Really, AppleEvents and other such IPC mechanisms are there for a reason.
Your other alternatives (all of which are a bit hacky, to be honest, and give you the fairly significant burden of ensuring the target app is in the state you want/expect) the access the data you're looking for are:
The Accessibility APIs from the ApplicationServices framework, through which you can traverse the UI tree to grab the text from wherever you need it directly, or can activate the menu item. Access for your app has to be explicitly granted by the user, however (although this is much the same as the requirement for UI scripting).
You can use the CoreGraphics APIs (within the ApplicationServices framework again) to send keyboard events to the target application (or just to the system) directly.
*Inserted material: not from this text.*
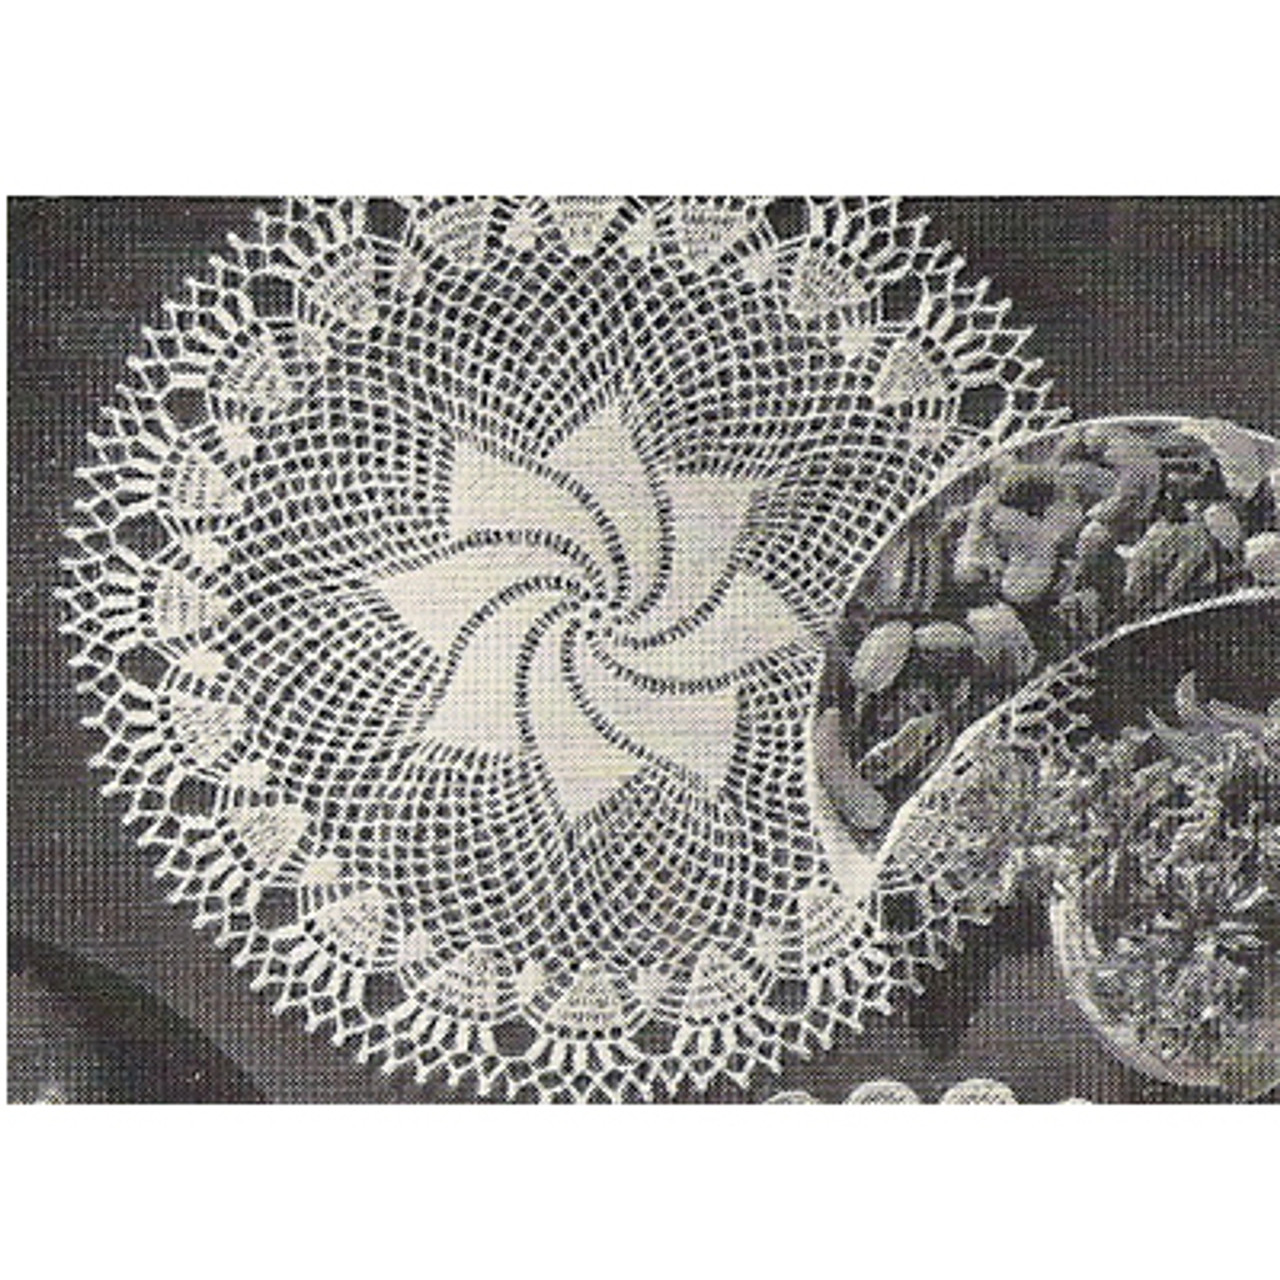 Comets Tail, Crochet Pinwheel Doily Pattern

This would mean sending four events: Command-down, C-down, C-up, Command-up.
None of these are ideal. To be honest, your best approach would be to look at your requirements and figure out how you can best engineer around the problem by changing those requirements in some way, i.e. instead of grabbing something directly, ask the user to provide some input, etc.
You might be interested in SIMBL or in mach_inject. SIMBL is a daemon (in my fork based on mach_inject, in the original version based on injection via some ScriptingAdditions hack) which does the injection for you, so you just need to put a bundle with your code into the SIMBL directory and SIMBL will inject it for you into the target application. Or you can do so yourself via mach_inject. Or probably more convenient, mach_inject_framework which injects and runs code which just loads some framework.
I think Jim may overstate the point a bit; he's not wrong, but it seems misleading. There are lots of ways to cause a Cocoa program to execute its own code under you control (Carbon is harder). The Accessibility API is very commonly used this way (so commonly that I expect it to be repurposed eventually). Fscript can give you all kinds of access to the innards of another Cocoa program. While Input Managers may well exit the scene at some point, SIMBL is still out there today to do this kind of stuff.
Whether you like Applescript or not, Apple Events are the primary way Apple provides for inter-program control. Have you double-checked Script Editor's Open Library function to find out if the program really does have any Applescript support? You can code Apple Events entirely in Objective-C these days using Leopard's Scripting Bridge. I wrote up a tutorial if you like (it's still under-documented by Apple).
Cocoa is a reverse-engineer's dream. The same guys who host SIMBL have a nice intro to the subject. "Wolf" also writes a lot of useful information on this.
Jim's right. Many of these approaches can completely destabilize the system if done incorrectly (sometimes even if done correctly). I don't do much of this stuff on my production systems; I need them to work. But there are a lot of things you can make a Mac app do, and it's a good part of a Mac developer's training to understand how all the pieces really work.